Title/Summary: Searching artifacts across SCA domain
Student: Wojtek (Wojciech) Janiszewski
Student e-mail: wojtek.janiszewski cuthere gmail cuthere com
Student Major: Computer Science
Student Degree: Master
Student Graduation: 2009
Organization: Apache Software Foundation
Apache Tuscany, an implementation of Service-Component Architecture (SCA) allows to create distributed applications. SCA applications are packed as set of various files (composite, scripts, Java classes, wsdl, xsd, etc), called contribution. Contribution could be a directory or JAR file, which then is contributed to SCA domain. Once installed contribution can be browsed manually from filesystem, which could be uncomfortable and time-consuming. Apache Tuscany SCA domain manager web application lacks search feature with possibility to browse and filter SCA objects quickly.
Apache Lucene is powerfull search engine library written in Java. Through its minimalistic API it allows user to index data and search them. Simplicity and generality of this open source library is the key which makes it possible to search for every data and in various environments. Advanced syntaxt and good performance makes it great choice for creating relayable search subsystem.
The goal is to provide facility to search and browse artifacts in SCA domain. Such goal could be achieved by integrating Apache Lucene library with Apache Tuscany. For this solution user would be allowed to search for artifacts using improved SCA domain manager web aplication.
2. Detailed description
Implementation of search feature should cover three main areas, which are indexing, searching and presentation. Such separation gives us modularity, which implies reuse of components and ability to test easily.
Indexing would be backed by Apache Lucene indexing mechanisms.
Indexing should be performed in two phases:
Phase one: gathering basic data
Every file in contribution should be parsed and indexed. Moreover files contained in every known archive file (JAR, ZIP files) should be indexed. Parsing each file would be aware of its filetype to get best indexing data. Internally, Document object would be created and appropriate fields would be filled. Unique identifier should be assigned to newly created document.
Phase two: reference completion
For every indexed document previously created index will be searched to find documents usages. Found elements would be stored with current document data. In example, for indexed Java class we should search for its name occurences in composite files. Found identifiers as well as their friendly names would be stored in indexed document representing Java class.
Index document model
Each indexed item would have several attributes. Bold items would be document fields for searching purposes. Italic is used for attributes used for internal purposes.
Full path for contribution object.
specific for file type, like QName of Java class, Qname of composite. For others it could be simply filename.
literal for text files, for non readable files, ie. Java classes some names like method names could be extracted and used in this field
contribution which file belongs to
archive which file belongs to
Contains names of items which are used by current:
Contains names of items which uses current. Generally it's reversed link for reference.

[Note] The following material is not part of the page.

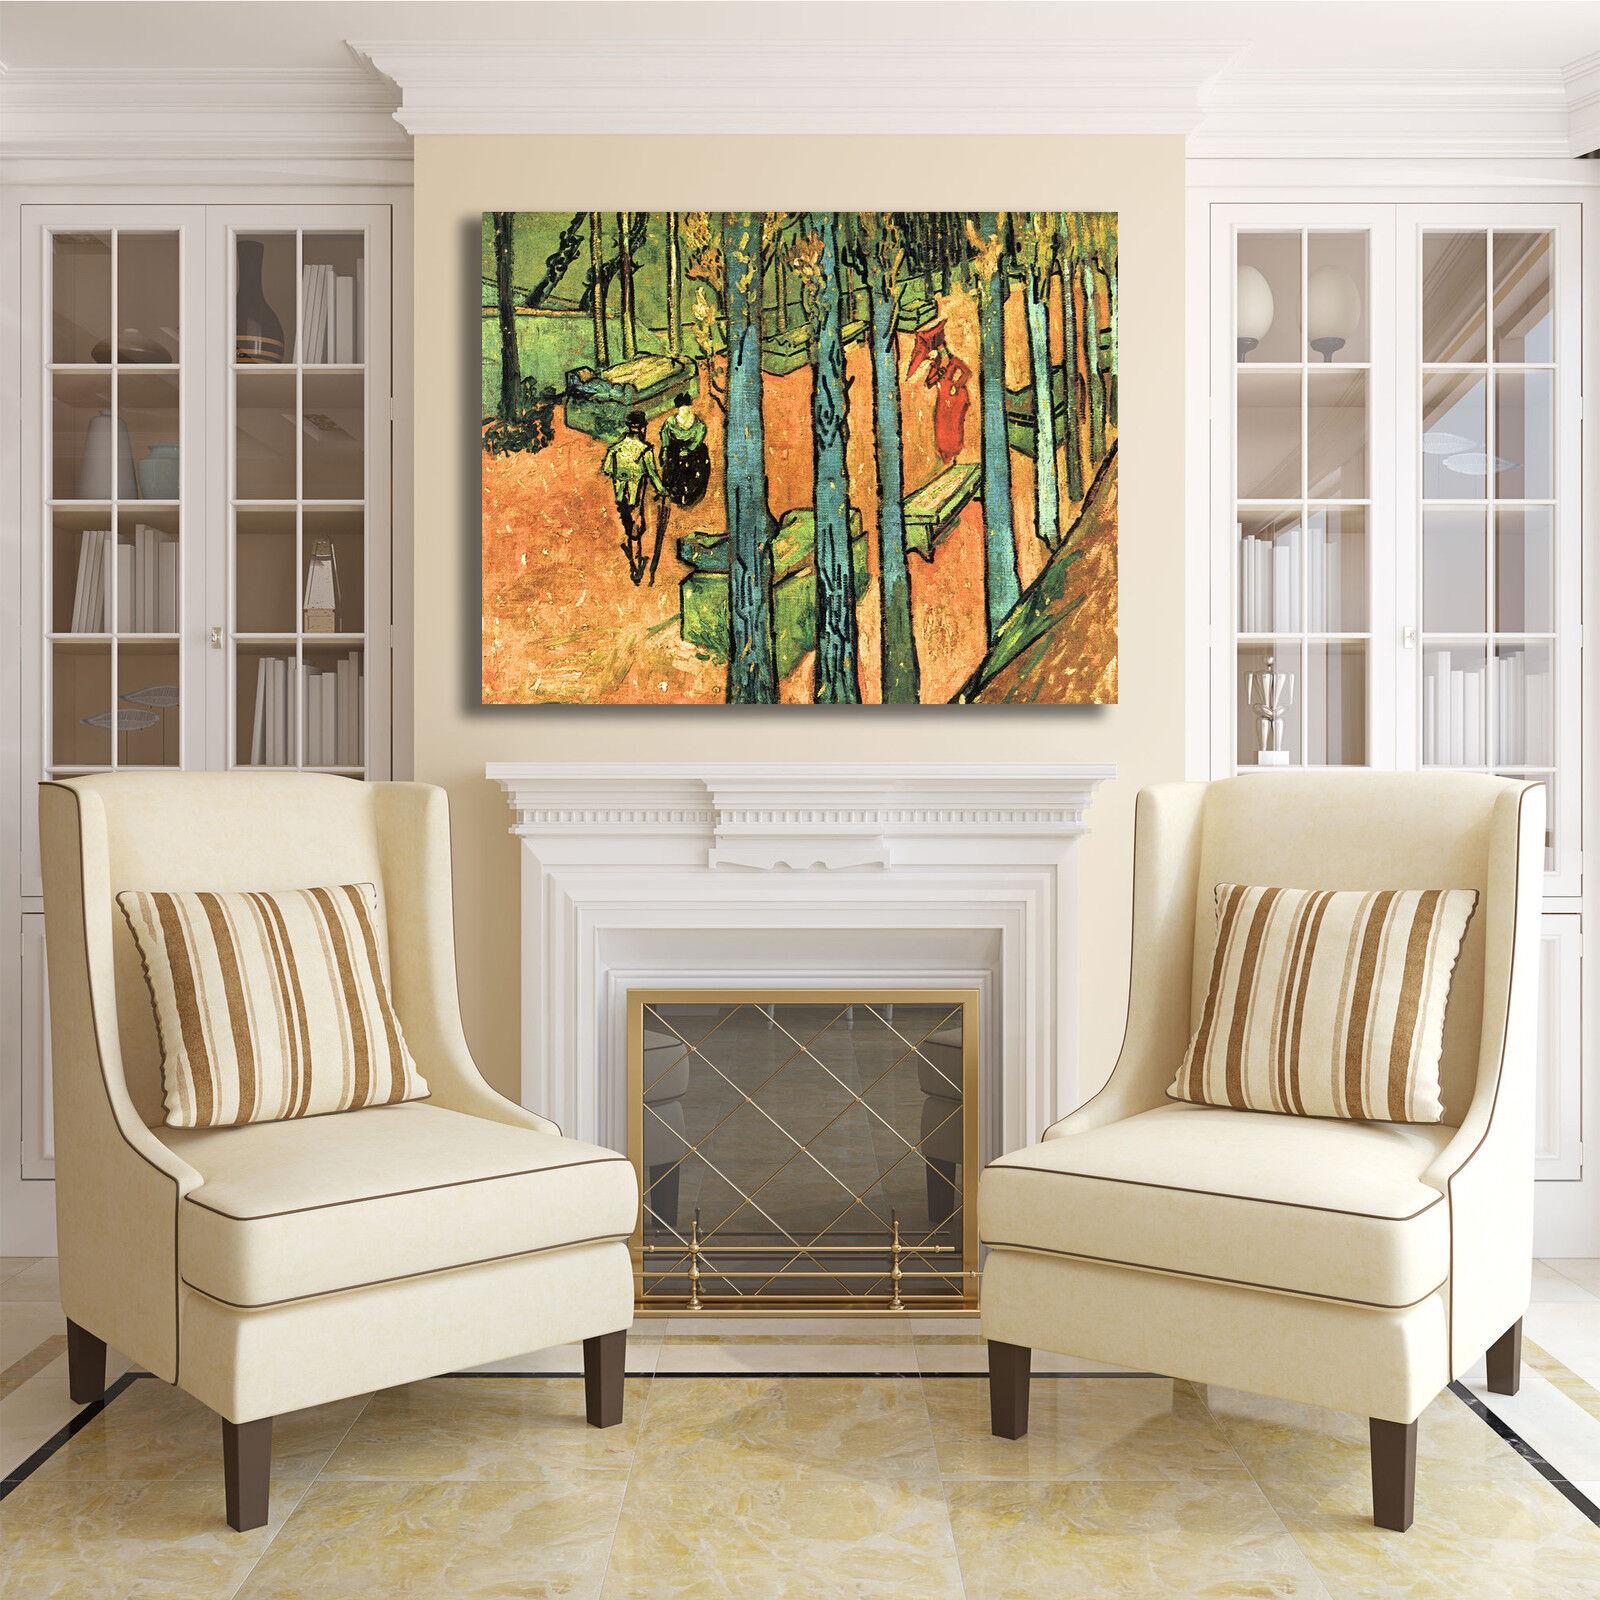 Van Gogh les alyscamps design quadro stampa stampa stampa tela dipinto telaio arrossoo casa 21c924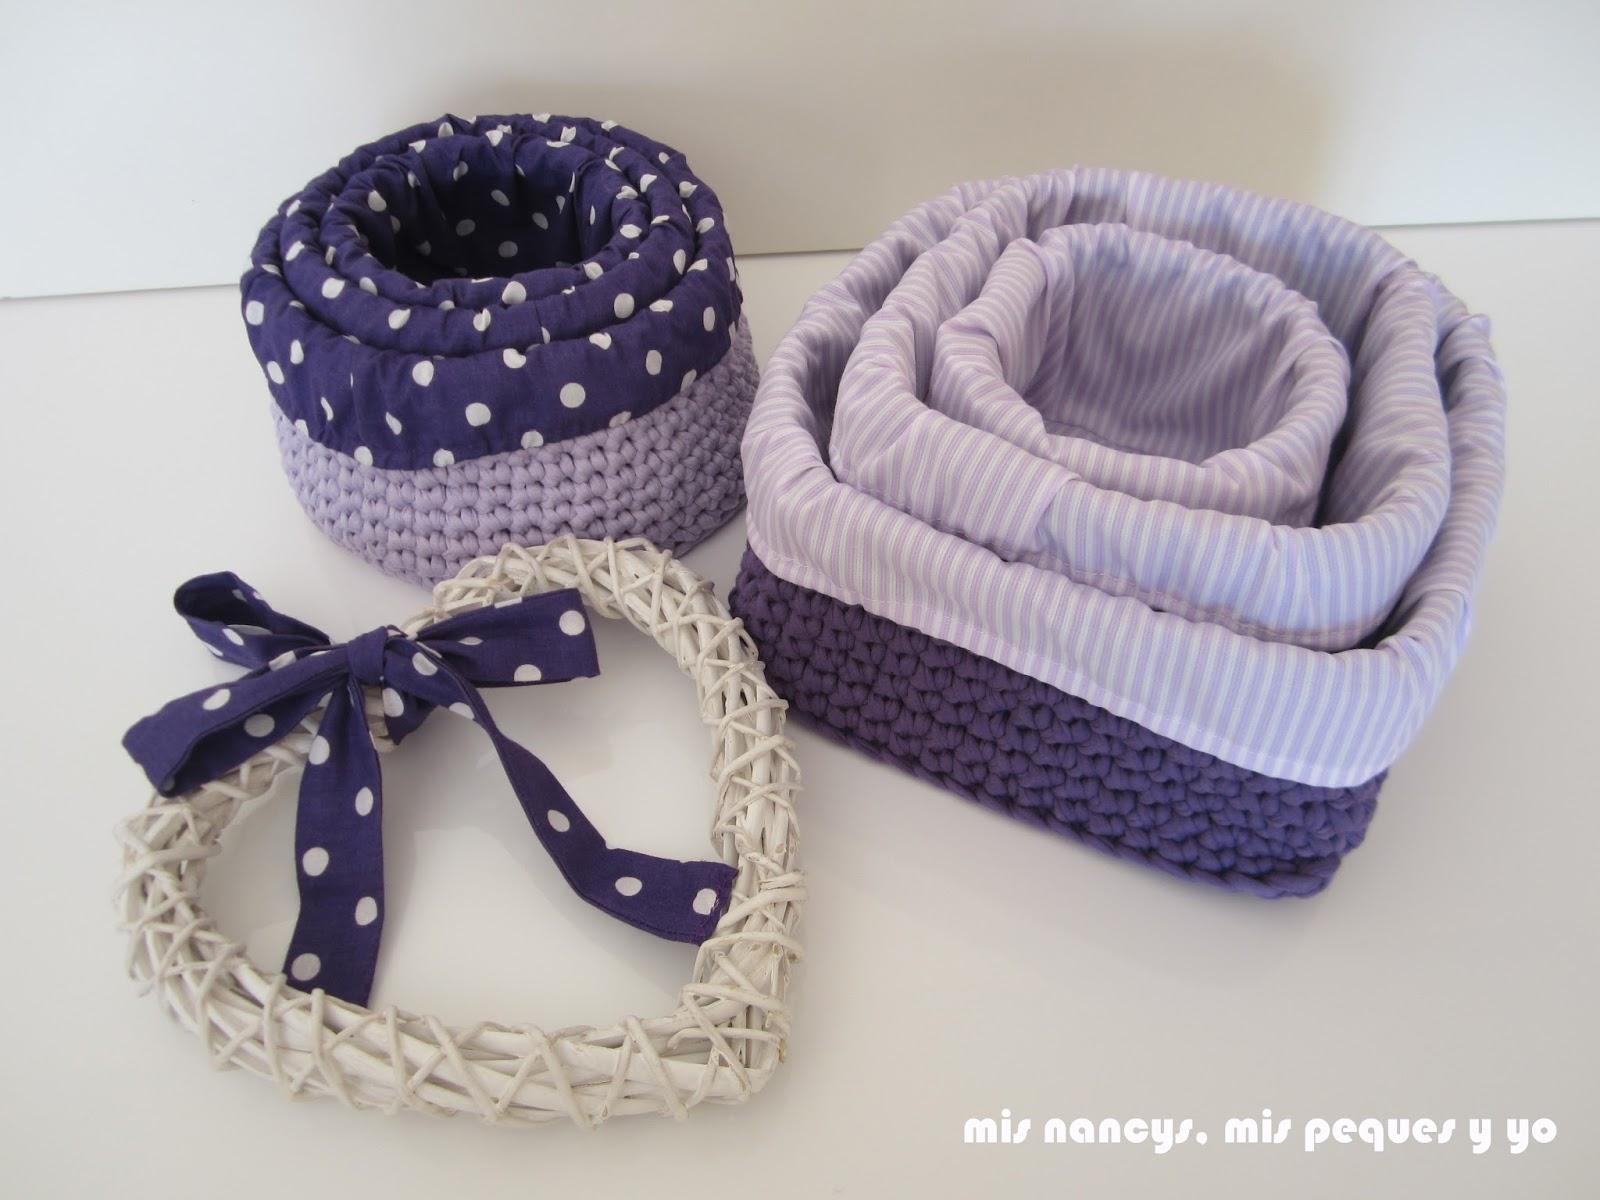 Tutorial diy fundas de tela para cestas cuadradas de trapillo - Cestas de trapillo ...

Used to store extracted objects from composite file.
All above fields to provide non-filter queries.
Unique across SCA domain to identify document/domain obejct.
Links to references documents.
Links to usages documents.
Above model shows how documents would be linked for search purposes. Example of references which could occur could be found on the diagram.
Searching would be backed by Apache Lucene search engine.
Custom search API for Apache Tuscany would be available via SCA component. Such element can be reused in various scenarios, ie. it can be exposed for other purposes via one of Apache Tuscany bindings. In this project we would like to use such component as a feed for web based UI.
There would be generally two operations exposed by such component. (more could be introduced for ie. administration purposes).
Fetch by phrase - search phrases are similiar to what we do in Google. Lucene query syntax would be used and various filters could be entered (basing on fields described in 2.1.1 Indexing). User could filter by:
- document name
- document friendly name
- document content
- contribution which it belongs to
- items declared in composite files
- none (all document fields would be used to search)
More query syntax elements would be used, such as:
- logic operators
- regular expressions
Fetch by item - getting item and its references. Item to fetch is identified by internal identifier. Such fetching method would be used in navigation based on hyperlinks, not search queries.
Navigation could be performed in two ways:
1. By using search box where user can type query, for "fetch by phrase" search method
2. By using links to items where user can navigate through references ("fetch by item" method). Such links could be found in several places:
- search start page - with links to available contributions
- result element view containing links to parents and children
Additionally after implementing project core some usability features coulb be added:
- artifact types
- indexed names
- most popular searches
- query syntax
Display layout would be common for both "fetch by phrase" and "fetch by item". Every search would be displayed as list of results. For long result lists paging would be applied. Furthermore having sort (basing on various criteria) feature would improve navigation through results list.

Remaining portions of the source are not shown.